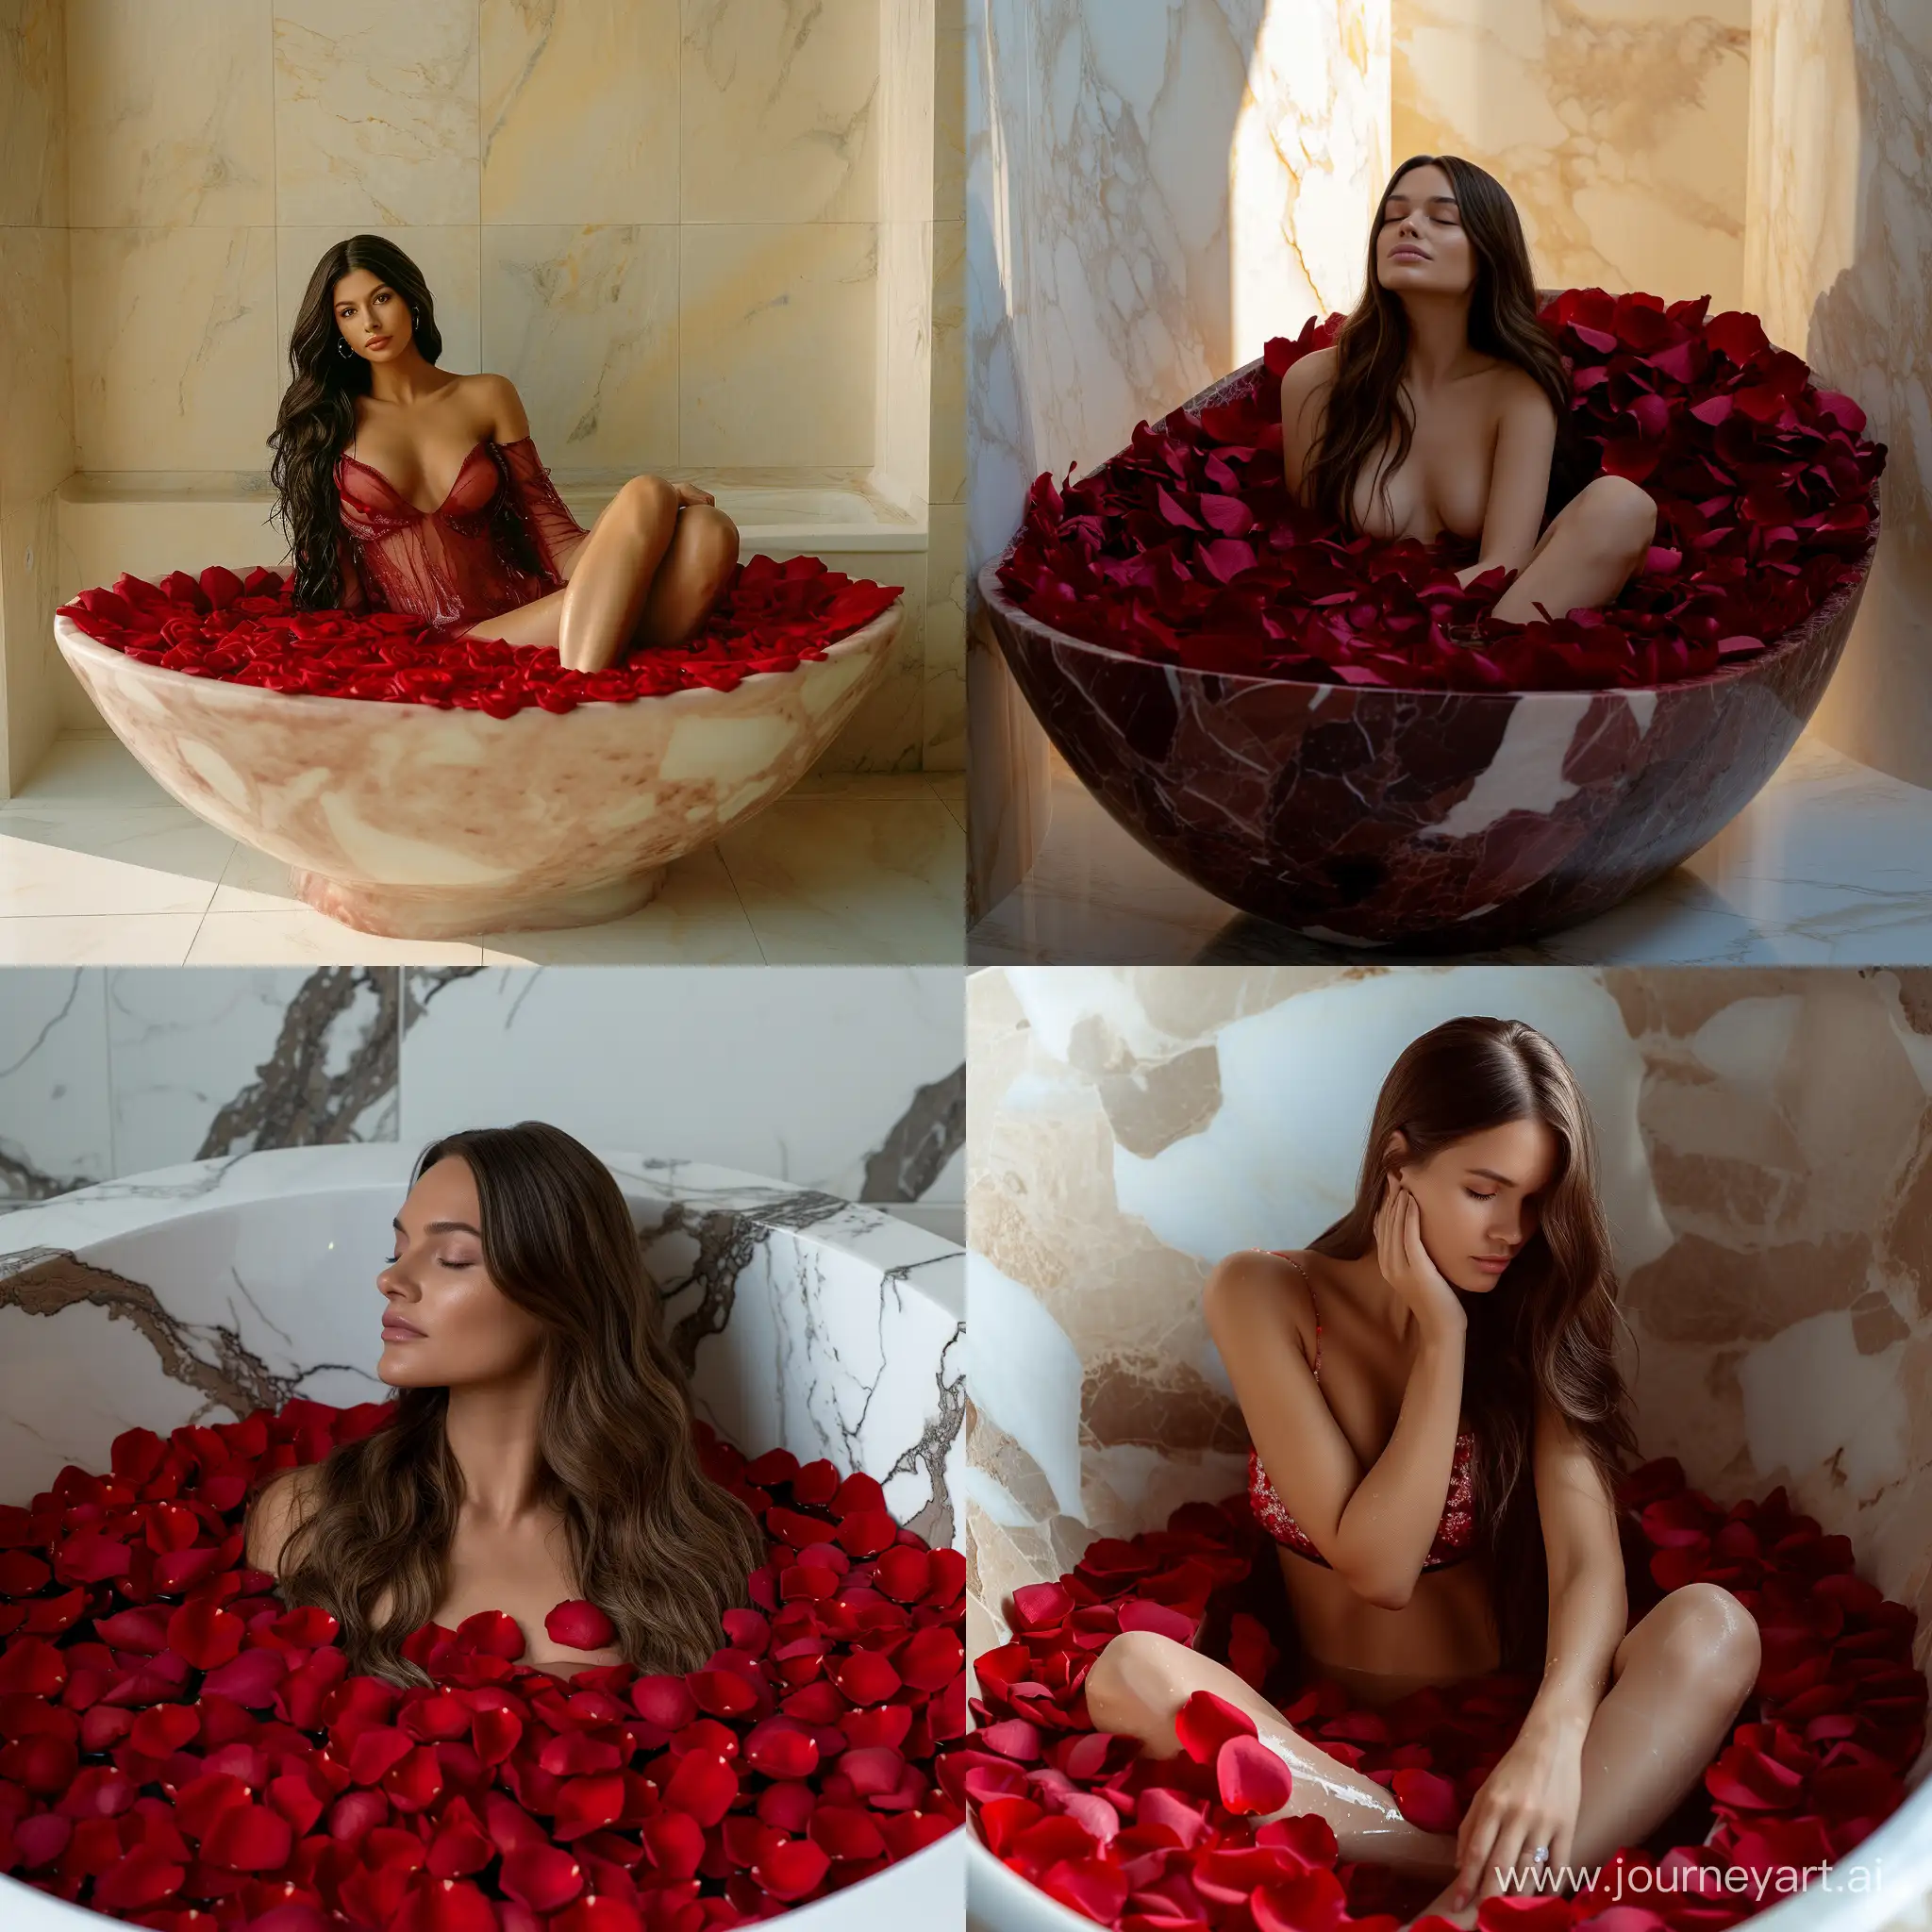 brunette model that doesn't exist in real life, bathing in a red rose petal bath tub, 4K, UHD, pinterest aesthetic, large marbel bath tub
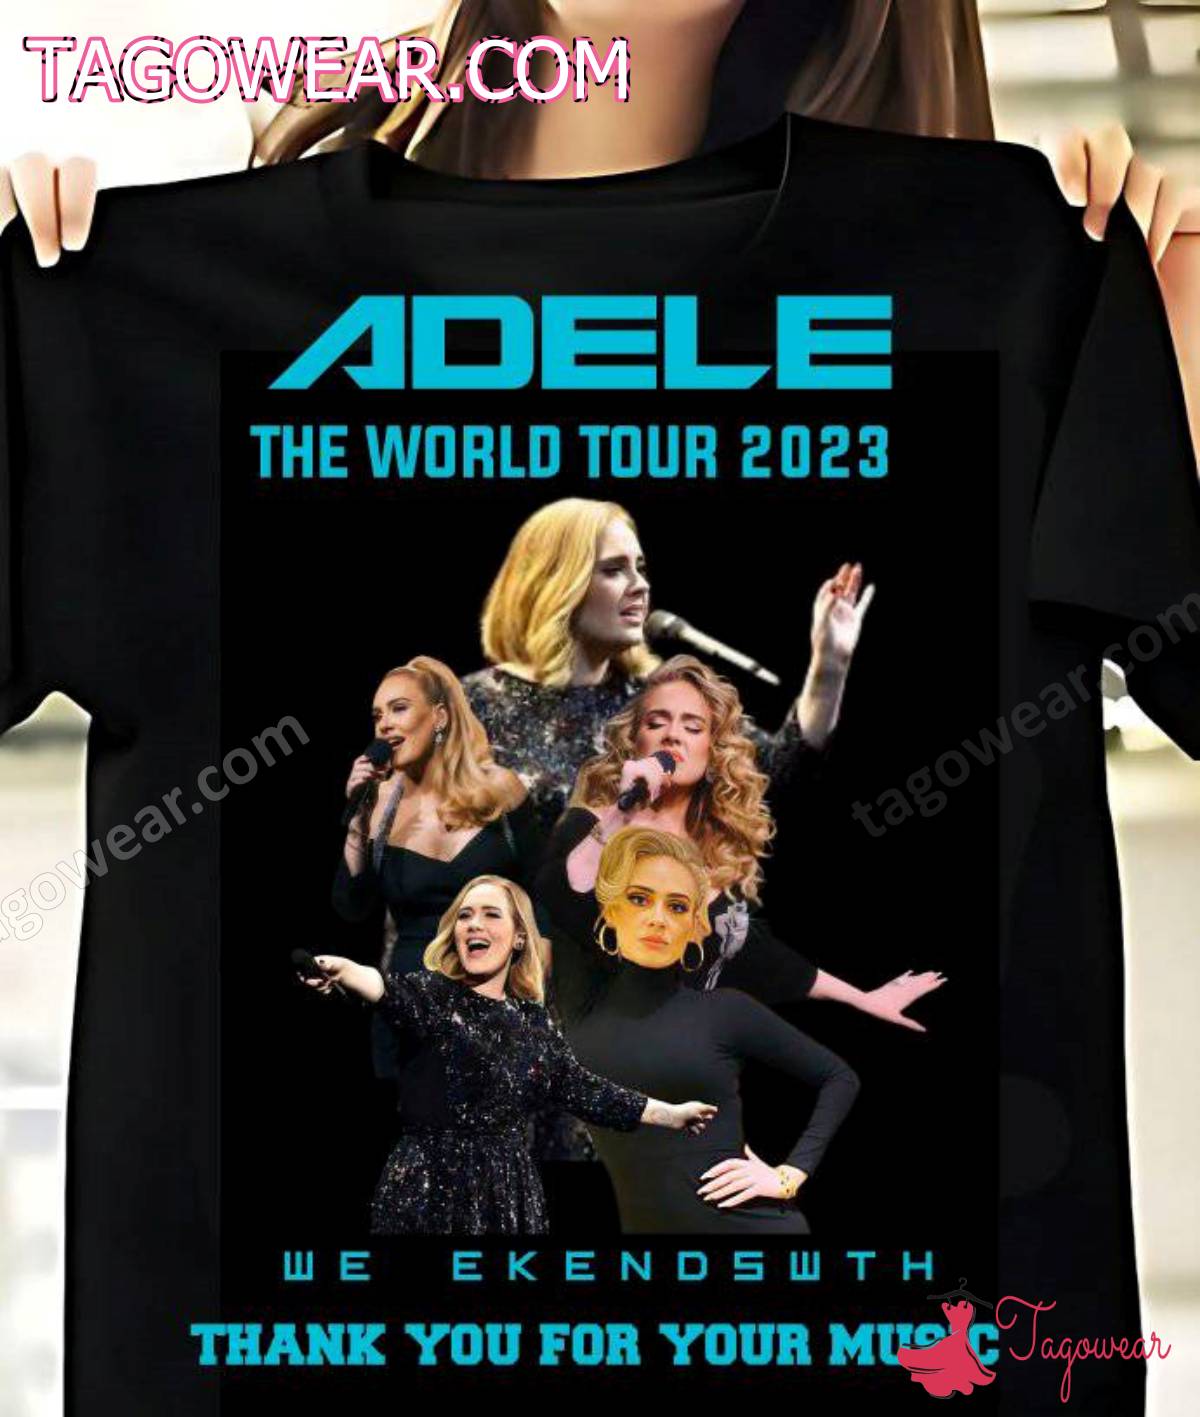 Adele The World Tour 2023 Weekends With Thank You For Your Music Shirt
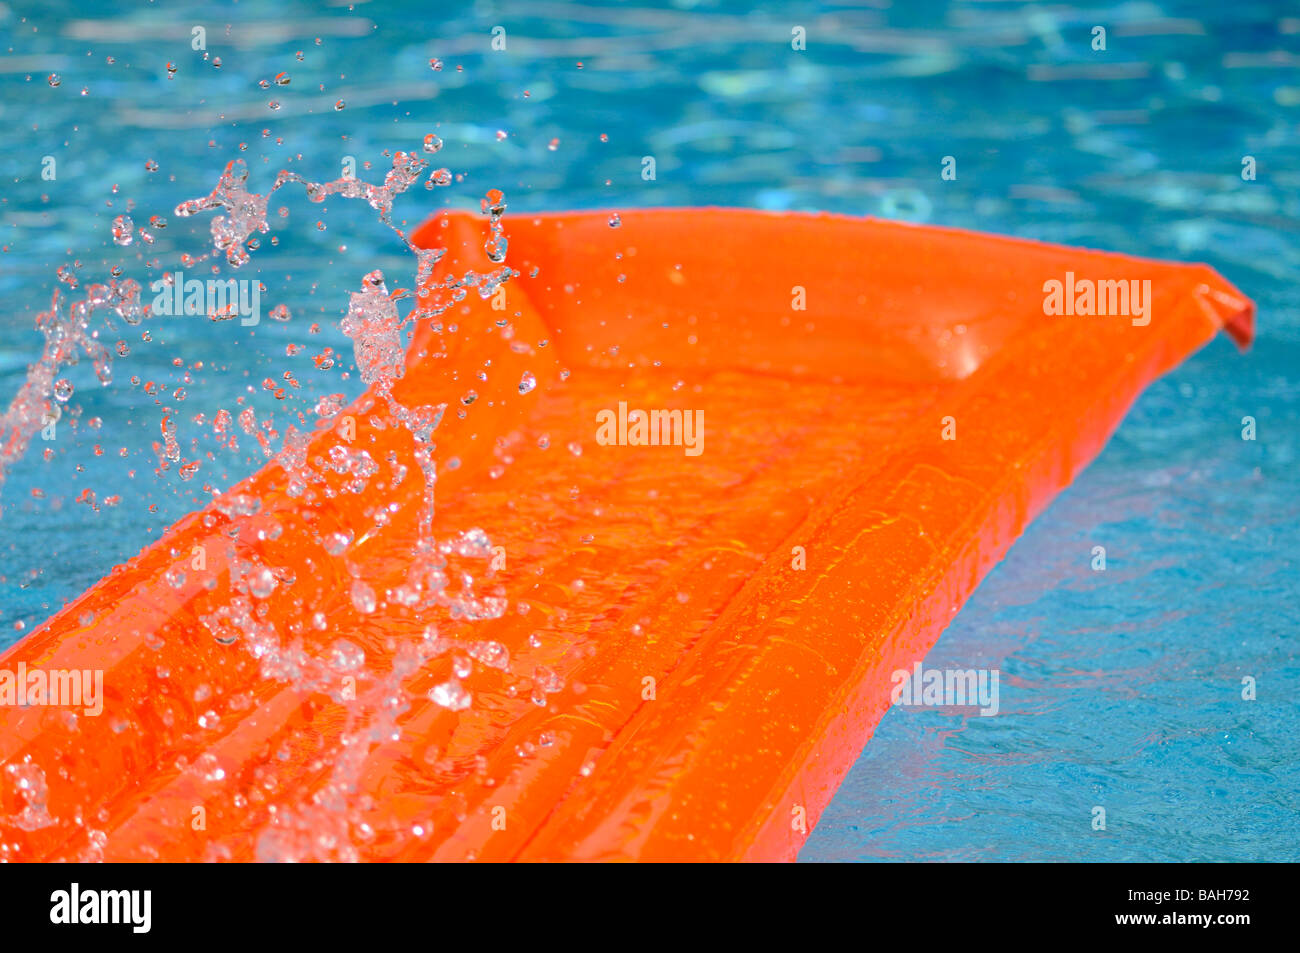 Splashed water over an orange air bed floating in a swimming pool. Stock Photo
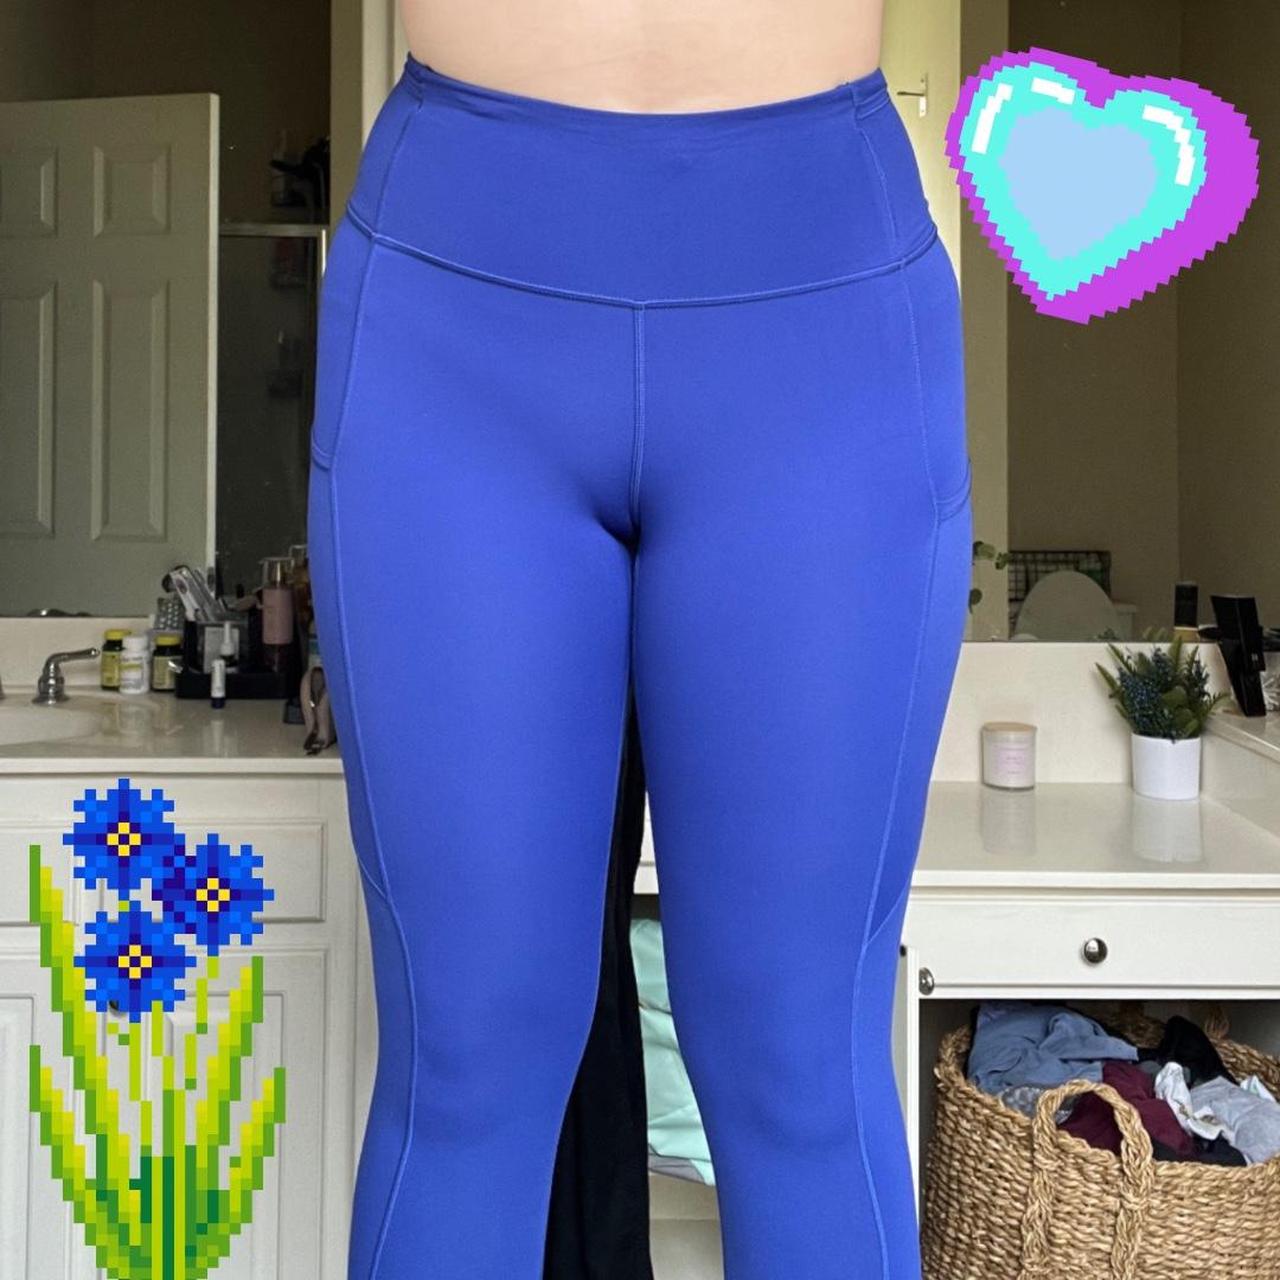 I think these lululemon leggings are the fast and - Depop

**Task requirements**. Drop the pictures, then repeat the material word for word.

**Output for this exercise**.
 brunette model that doesn't exist in real life, bathing in a red rose petal bath tub, 4K, UHD, pinterest aesthetic, large marbel bath tub
 Adele The World Tour 2023 Weekends With Thank You For Your Music Shirt
 Splashed water over an orange air bed floating in a swimming pool. Stock Photo
 I think these lululemon leggings are the fast and - Depop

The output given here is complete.